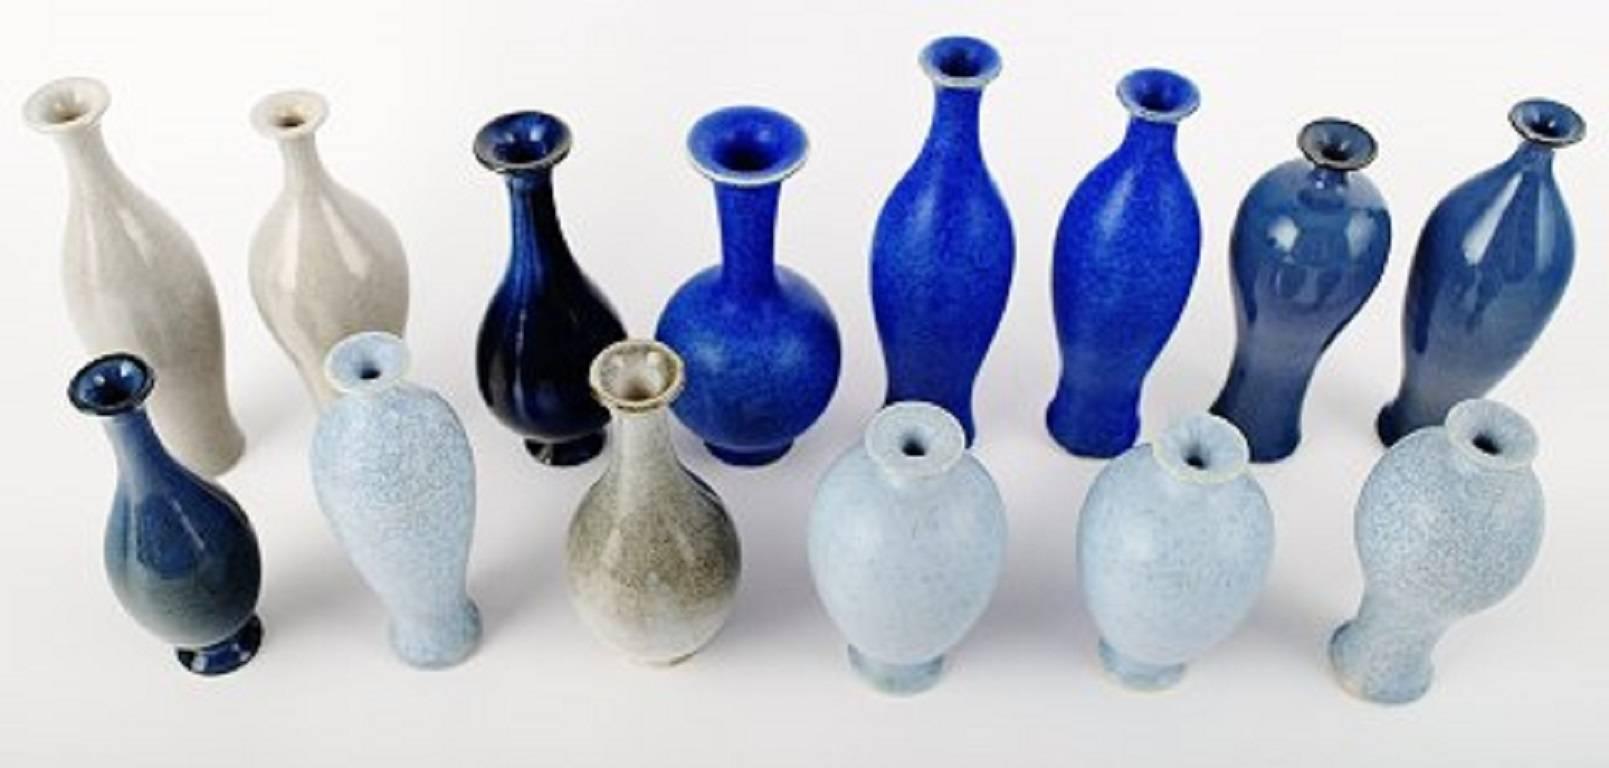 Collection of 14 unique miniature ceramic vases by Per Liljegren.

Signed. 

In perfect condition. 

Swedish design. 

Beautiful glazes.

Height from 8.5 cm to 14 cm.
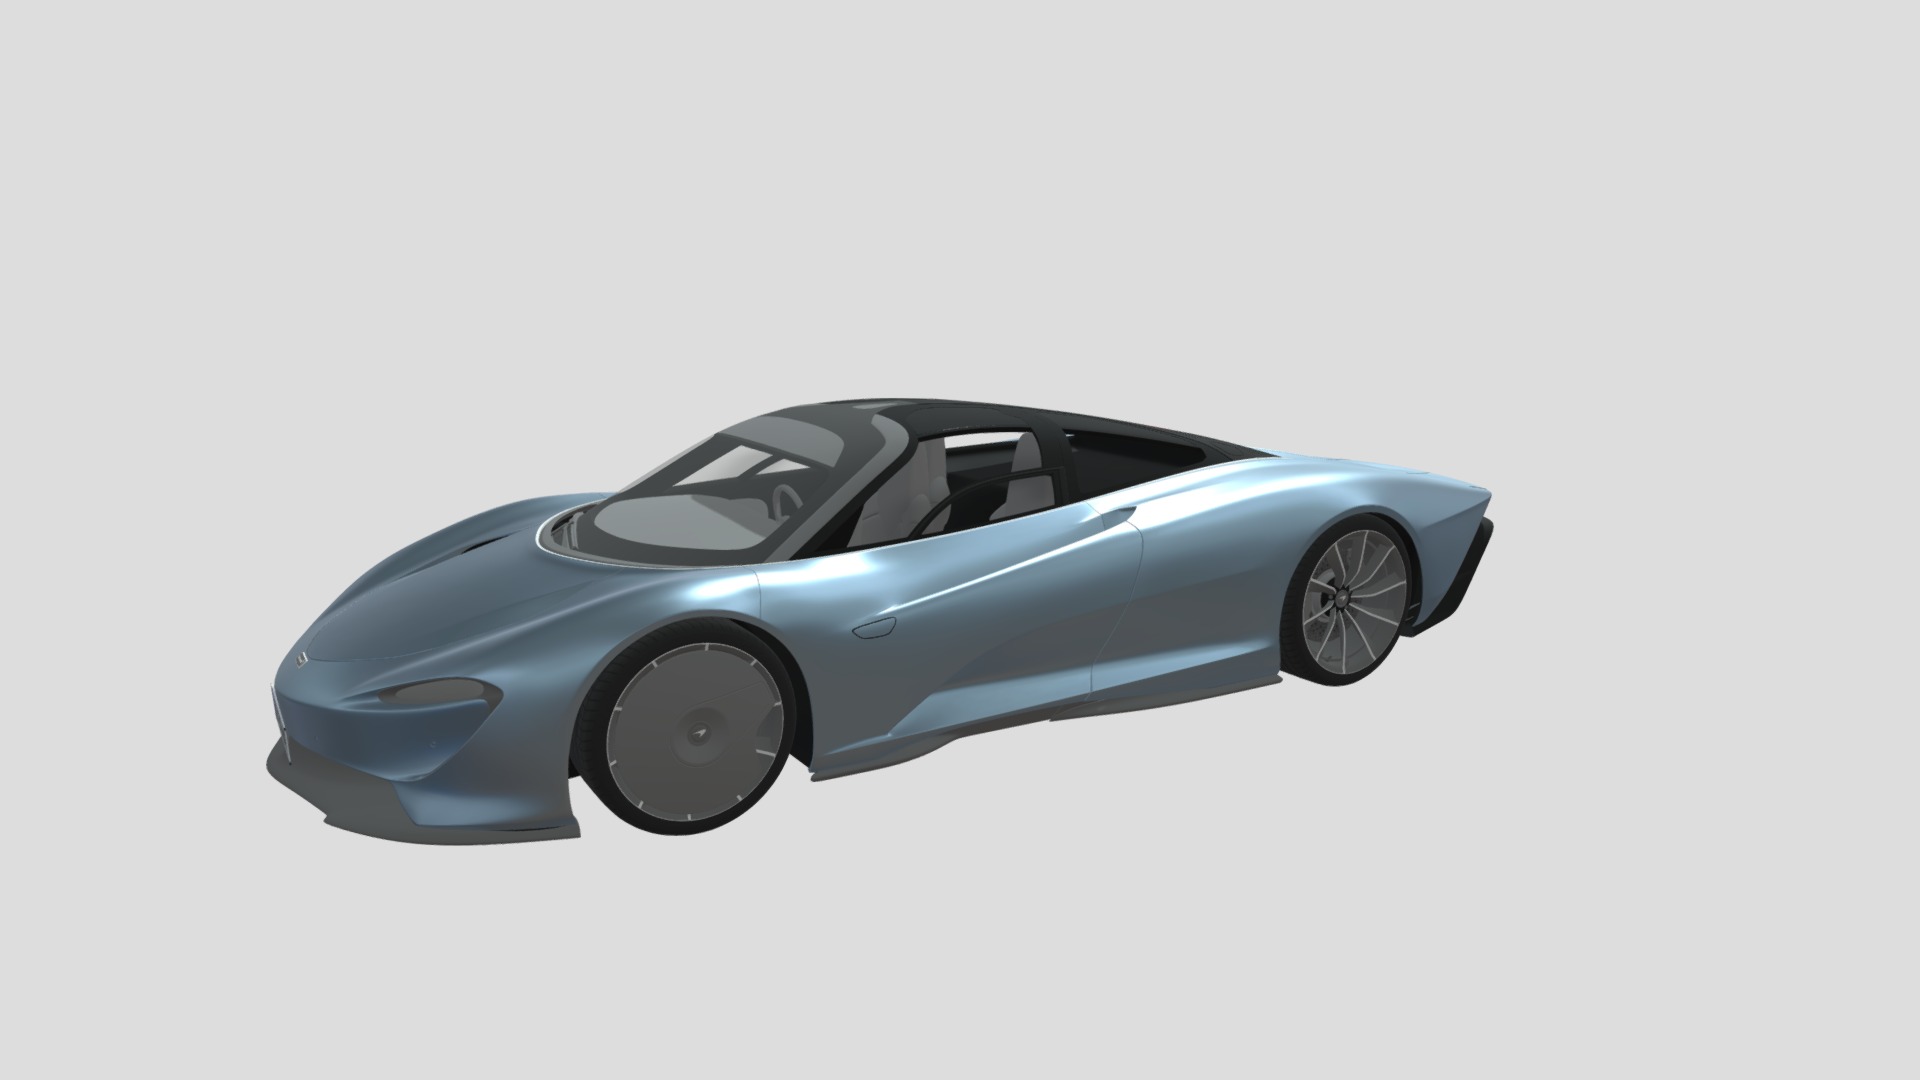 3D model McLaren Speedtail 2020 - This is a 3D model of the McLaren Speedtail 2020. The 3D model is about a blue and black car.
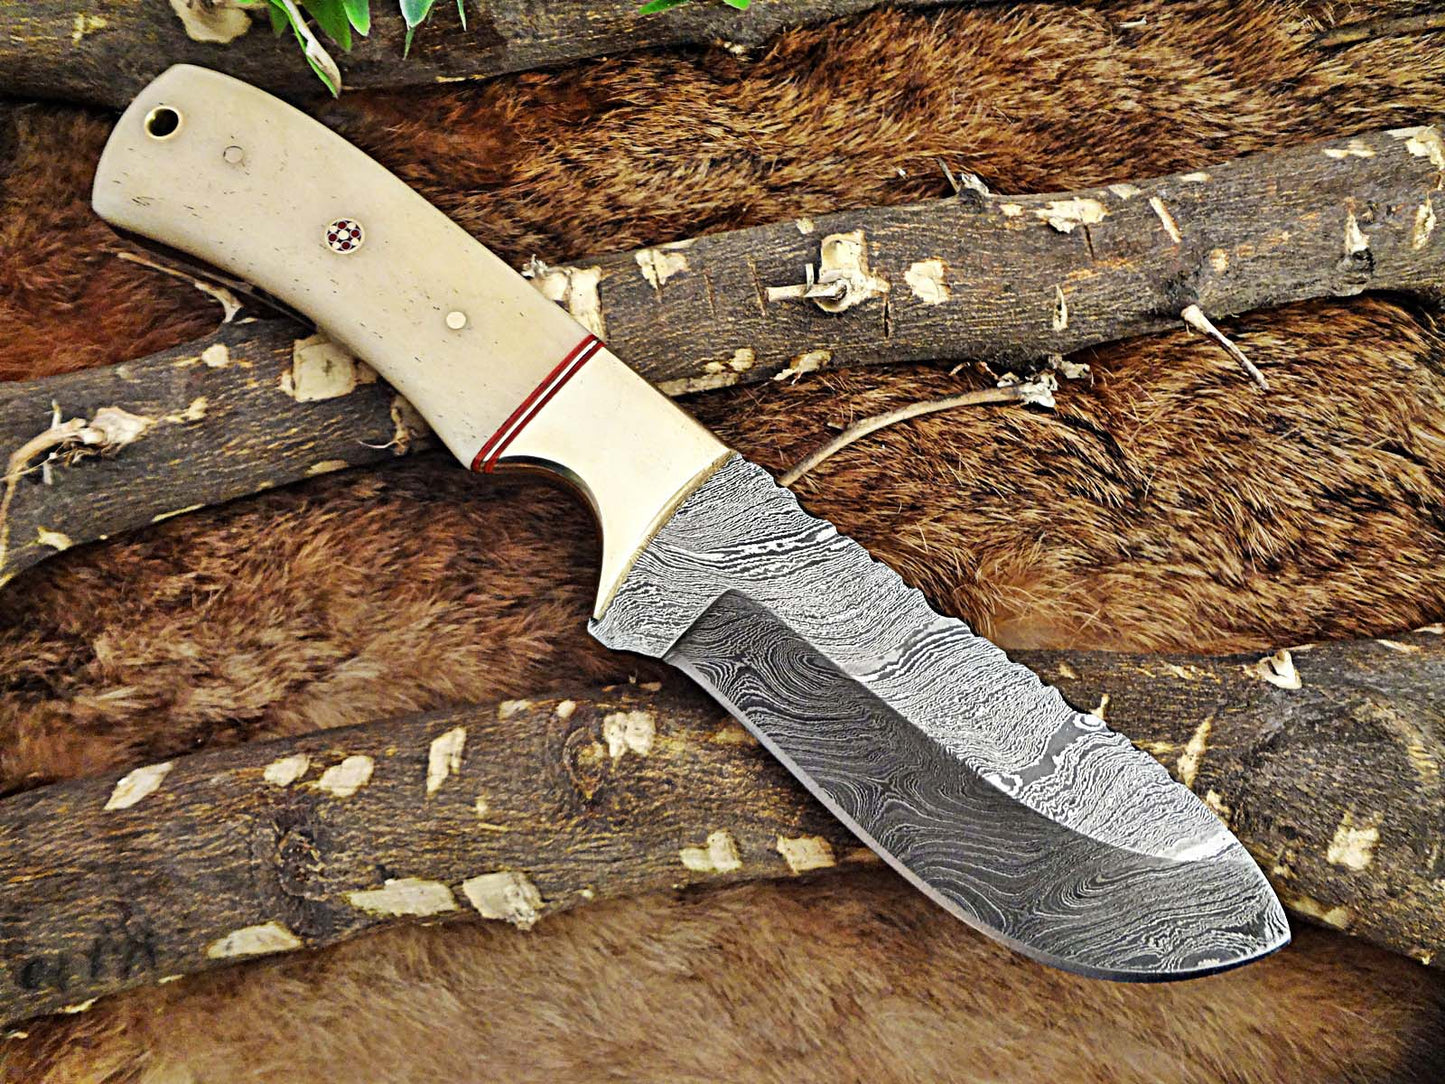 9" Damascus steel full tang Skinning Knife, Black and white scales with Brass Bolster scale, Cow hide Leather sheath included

──────────────────────────────

All lines from the one holding "3D model McLaren" through the last line of the records need to be copied exactly, both ends included, and the pictures left behind.

#### [Written answer]
 3D model McLaren Speedtail 2020 - This is a 3D model of the McLaren Speedtail 2020. The 3D model is about a blue and black car.
 9" Damascus steel full tang Skinning Knife, Black and white scales with Brass Bolster scale, Cow hide Leather sheath included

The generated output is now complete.